WHAT YOU WILL DO> Go through the listing and set it down exactly, leaving out its pictures.

═════ AVAILABLE DATA ═════

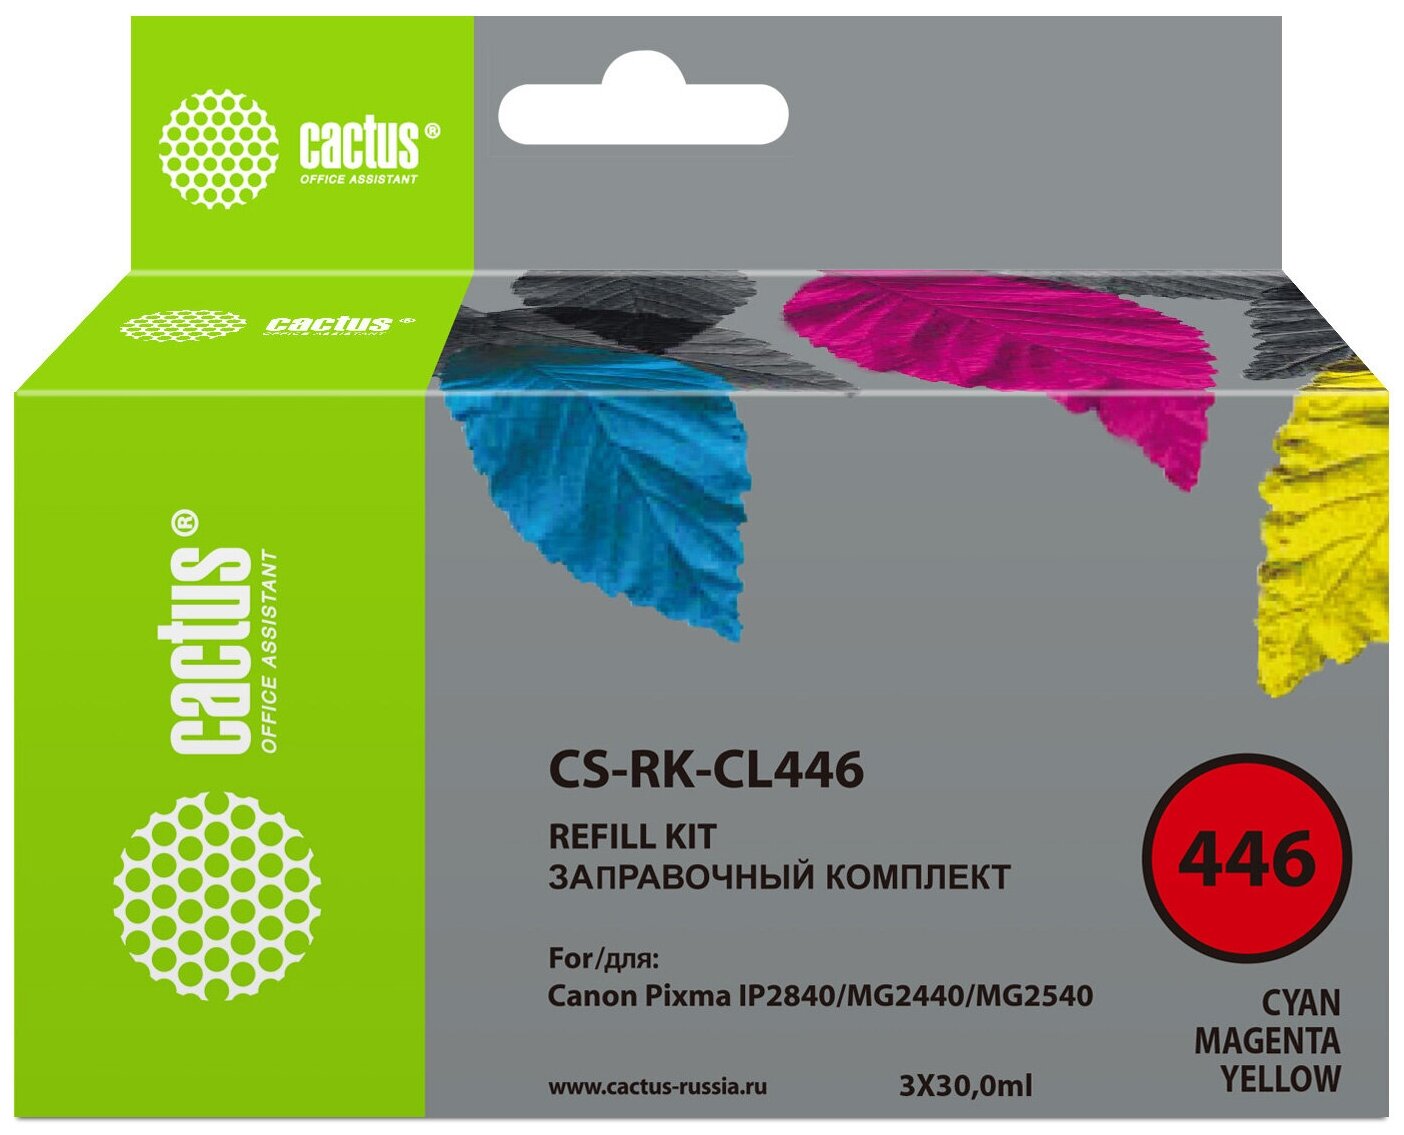 Заправочный набор Cactus CS-RK-CL446 желтый, пурпурный, голубой 30мл для Canon
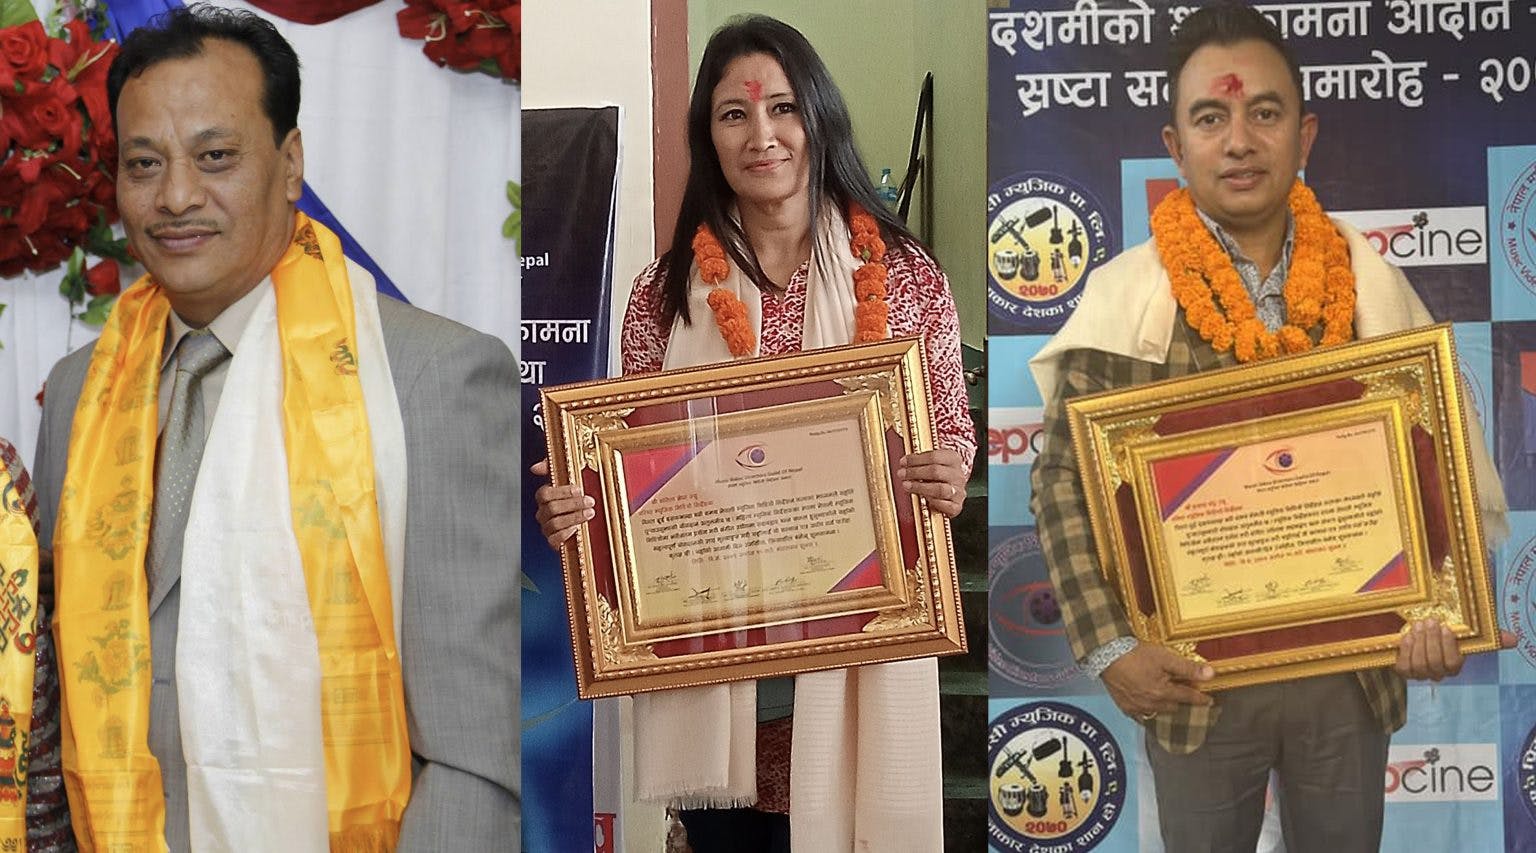 Senior directors Traya Sahendra, Prakash and Sangeeta honored
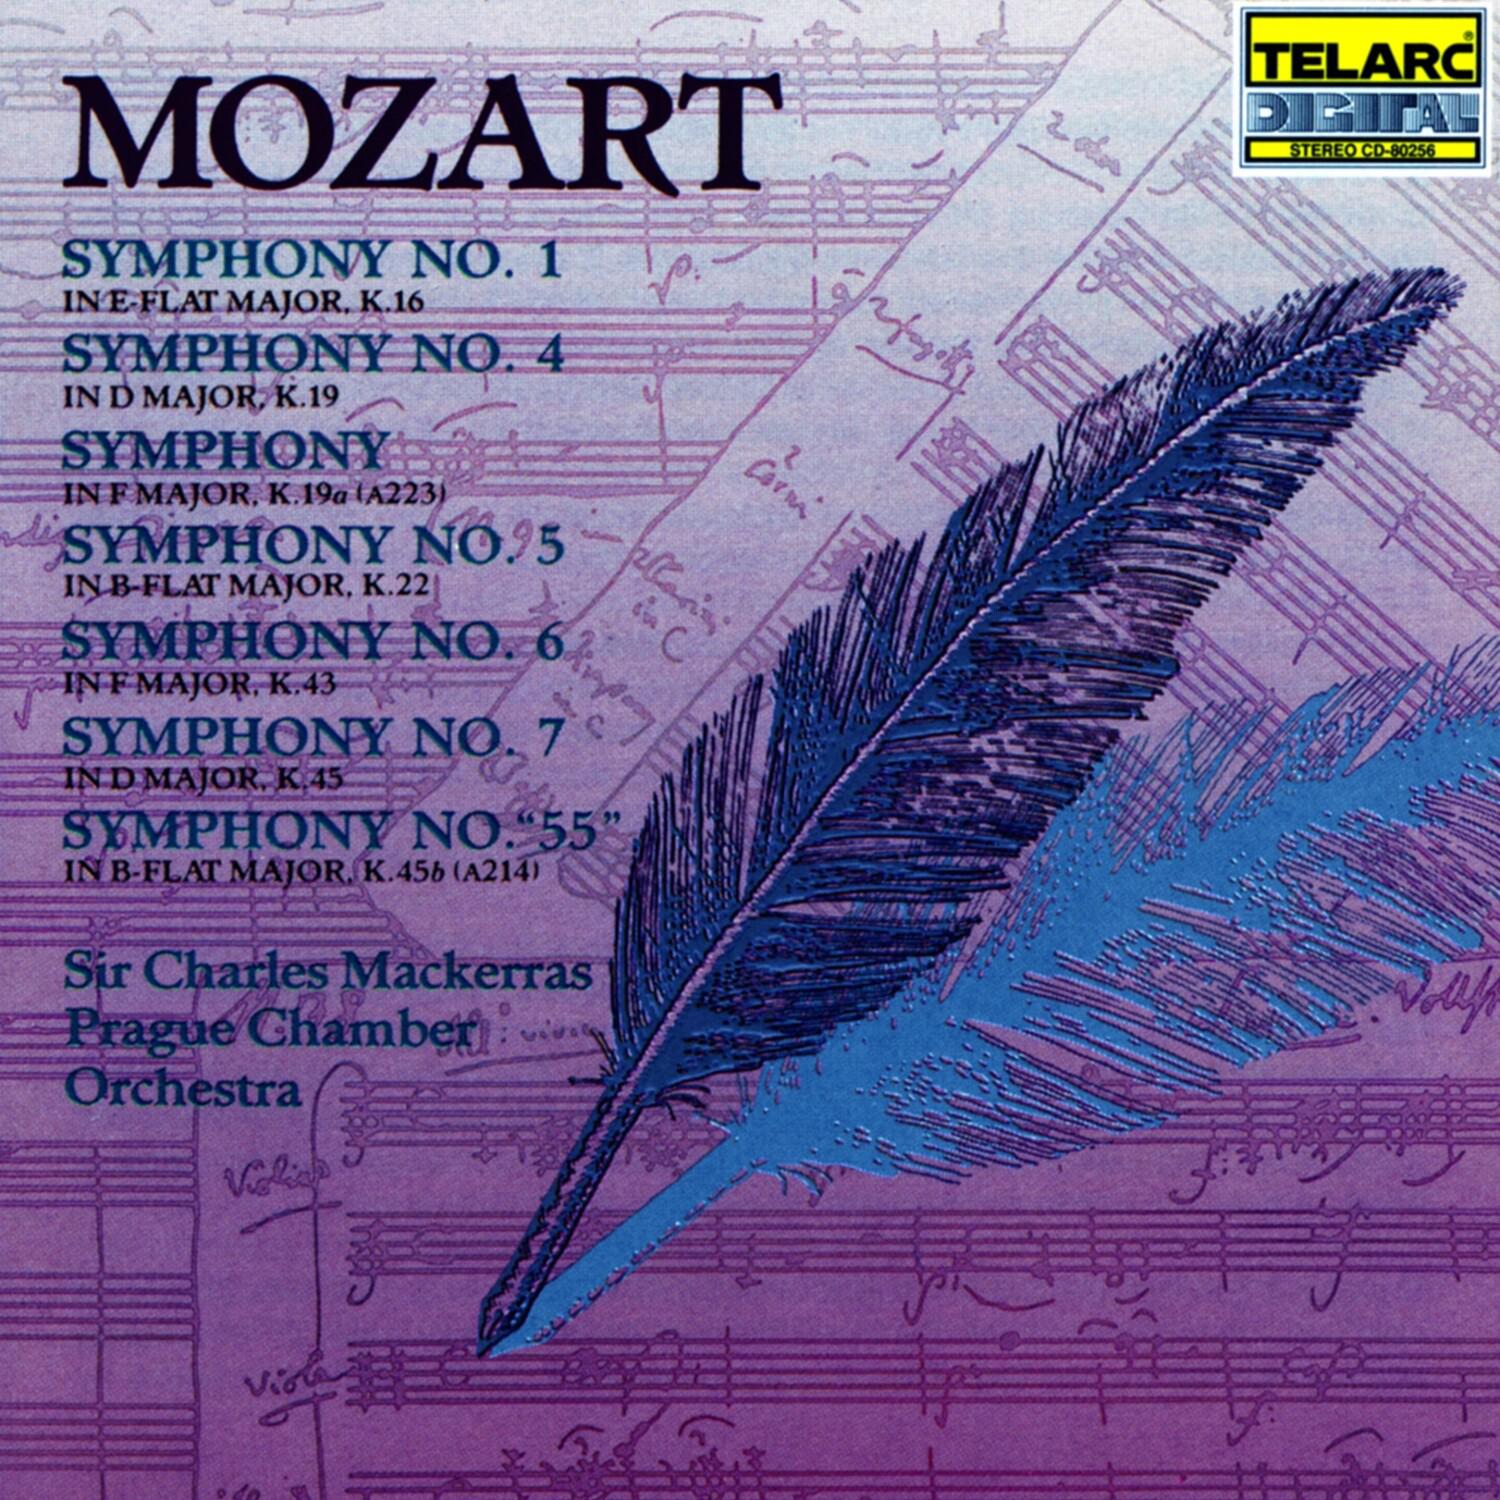 Symphony No. 7 in D major, K.45: I. Allegro

═════

ANSWER TO THE PROBLEM>
 Заправочный набор Cactus CS-RK-CL446 желтый, пурпурный, голубой 30мл для Canon
 Senior directors Traya Sahendra, Prakash and Sangeeta honored
 Symphony No. 7 in D major, K.45: I. Allegro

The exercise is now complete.